[TASK REQUIREMENTS] A single number is the answer: the count of lines in these records with "Stockfoto" in them.

[DATA FOR REVIEW]
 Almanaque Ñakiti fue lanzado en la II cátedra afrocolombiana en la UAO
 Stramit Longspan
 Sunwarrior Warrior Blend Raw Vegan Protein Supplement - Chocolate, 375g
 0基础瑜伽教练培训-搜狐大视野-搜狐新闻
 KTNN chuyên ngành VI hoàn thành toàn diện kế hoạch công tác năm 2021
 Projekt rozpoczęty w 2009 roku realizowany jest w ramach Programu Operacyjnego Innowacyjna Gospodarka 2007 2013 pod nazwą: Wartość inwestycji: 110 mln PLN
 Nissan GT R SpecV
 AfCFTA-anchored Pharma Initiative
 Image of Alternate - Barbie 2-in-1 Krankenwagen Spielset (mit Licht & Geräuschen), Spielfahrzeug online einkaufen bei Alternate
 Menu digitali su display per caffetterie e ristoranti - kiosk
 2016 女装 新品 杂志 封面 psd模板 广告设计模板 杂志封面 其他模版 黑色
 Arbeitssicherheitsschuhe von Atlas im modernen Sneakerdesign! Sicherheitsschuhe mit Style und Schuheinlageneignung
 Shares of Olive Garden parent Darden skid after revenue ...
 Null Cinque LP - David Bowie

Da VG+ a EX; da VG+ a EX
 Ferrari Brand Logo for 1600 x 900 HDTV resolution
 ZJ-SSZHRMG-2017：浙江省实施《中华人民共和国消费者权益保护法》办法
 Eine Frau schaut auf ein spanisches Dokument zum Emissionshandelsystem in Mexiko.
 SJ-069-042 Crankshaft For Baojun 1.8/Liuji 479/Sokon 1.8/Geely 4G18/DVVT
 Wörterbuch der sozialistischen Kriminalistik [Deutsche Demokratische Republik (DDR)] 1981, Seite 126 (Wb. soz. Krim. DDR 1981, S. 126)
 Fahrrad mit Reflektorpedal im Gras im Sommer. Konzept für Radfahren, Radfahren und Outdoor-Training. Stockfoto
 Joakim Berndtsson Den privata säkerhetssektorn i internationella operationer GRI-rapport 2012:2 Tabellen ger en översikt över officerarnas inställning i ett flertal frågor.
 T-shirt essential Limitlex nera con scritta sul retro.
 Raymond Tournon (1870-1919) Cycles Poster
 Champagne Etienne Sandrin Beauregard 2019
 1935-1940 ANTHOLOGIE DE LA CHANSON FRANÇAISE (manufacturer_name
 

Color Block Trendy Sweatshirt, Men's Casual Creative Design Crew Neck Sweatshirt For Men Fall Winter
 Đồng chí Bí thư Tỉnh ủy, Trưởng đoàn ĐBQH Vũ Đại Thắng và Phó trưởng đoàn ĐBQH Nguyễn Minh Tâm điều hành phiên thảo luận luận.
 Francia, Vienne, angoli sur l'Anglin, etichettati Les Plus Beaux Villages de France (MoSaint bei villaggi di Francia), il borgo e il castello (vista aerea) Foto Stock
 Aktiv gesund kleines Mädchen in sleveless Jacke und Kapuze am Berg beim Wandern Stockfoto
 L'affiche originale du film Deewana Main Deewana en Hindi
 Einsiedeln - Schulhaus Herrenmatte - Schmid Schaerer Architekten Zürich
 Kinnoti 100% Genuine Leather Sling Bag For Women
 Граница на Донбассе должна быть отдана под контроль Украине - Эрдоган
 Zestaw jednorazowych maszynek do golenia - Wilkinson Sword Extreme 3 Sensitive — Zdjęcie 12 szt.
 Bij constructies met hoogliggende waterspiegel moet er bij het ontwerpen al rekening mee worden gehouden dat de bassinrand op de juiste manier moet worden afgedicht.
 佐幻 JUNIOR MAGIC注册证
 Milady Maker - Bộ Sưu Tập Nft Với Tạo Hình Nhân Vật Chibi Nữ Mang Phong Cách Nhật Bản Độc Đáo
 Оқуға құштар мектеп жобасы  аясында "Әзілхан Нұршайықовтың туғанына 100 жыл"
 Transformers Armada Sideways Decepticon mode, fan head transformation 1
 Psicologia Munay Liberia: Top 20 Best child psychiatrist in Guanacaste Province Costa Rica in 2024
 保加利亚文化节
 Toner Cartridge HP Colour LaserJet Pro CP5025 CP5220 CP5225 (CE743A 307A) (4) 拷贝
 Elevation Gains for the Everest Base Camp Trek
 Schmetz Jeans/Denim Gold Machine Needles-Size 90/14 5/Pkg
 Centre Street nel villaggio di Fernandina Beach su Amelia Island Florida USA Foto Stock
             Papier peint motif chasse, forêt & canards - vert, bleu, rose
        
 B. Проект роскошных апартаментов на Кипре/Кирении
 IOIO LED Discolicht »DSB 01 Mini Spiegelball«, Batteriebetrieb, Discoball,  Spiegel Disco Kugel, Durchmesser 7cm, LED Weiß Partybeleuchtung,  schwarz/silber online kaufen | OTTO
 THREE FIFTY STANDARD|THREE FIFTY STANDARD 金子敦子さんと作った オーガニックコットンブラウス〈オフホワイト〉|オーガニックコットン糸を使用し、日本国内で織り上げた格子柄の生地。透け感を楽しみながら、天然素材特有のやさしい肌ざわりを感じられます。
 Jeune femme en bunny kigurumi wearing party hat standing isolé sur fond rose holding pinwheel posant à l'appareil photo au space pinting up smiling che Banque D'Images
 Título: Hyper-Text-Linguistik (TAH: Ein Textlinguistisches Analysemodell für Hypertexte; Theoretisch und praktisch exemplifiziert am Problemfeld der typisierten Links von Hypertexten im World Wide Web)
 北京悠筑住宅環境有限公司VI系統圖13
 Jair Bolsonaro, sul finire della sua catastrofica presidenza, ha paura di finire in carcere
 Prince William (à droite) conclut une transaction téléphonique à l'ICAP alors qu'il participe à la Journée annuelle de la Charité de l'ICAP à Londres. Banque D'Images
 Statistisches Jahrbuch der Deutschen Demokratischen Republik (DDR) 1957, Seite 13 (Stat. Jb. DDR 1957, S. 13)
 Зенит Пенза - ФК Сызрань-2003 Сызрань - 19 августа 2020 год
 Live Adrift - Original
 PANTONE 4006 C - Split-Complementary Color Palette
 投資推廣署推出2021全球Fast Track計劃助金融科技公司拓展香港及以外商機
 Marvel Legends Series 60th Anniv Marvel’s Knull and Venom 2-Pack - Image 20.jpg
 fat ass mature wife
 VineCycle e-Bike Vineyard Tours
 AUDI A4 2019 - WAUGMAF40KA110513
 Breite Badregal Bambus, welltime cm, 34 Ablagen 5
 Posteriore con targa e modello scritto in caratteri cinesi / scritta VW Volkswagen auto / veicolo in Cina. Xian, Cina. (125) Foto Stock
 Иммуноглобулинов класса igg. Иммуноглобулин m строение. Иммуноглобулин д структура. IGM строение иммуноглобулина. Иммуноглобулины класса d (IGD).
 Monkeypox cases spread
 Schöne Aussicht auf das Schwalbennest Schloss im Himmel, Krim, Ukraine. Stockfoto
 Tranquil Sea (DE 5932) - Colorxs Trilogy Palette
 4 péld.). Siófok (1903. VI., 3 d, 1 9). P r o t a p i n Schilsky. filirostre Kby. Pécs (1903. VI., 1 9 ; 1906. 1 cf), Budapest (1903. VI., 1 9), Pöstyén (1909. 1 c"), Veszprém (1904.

[RESULT] 3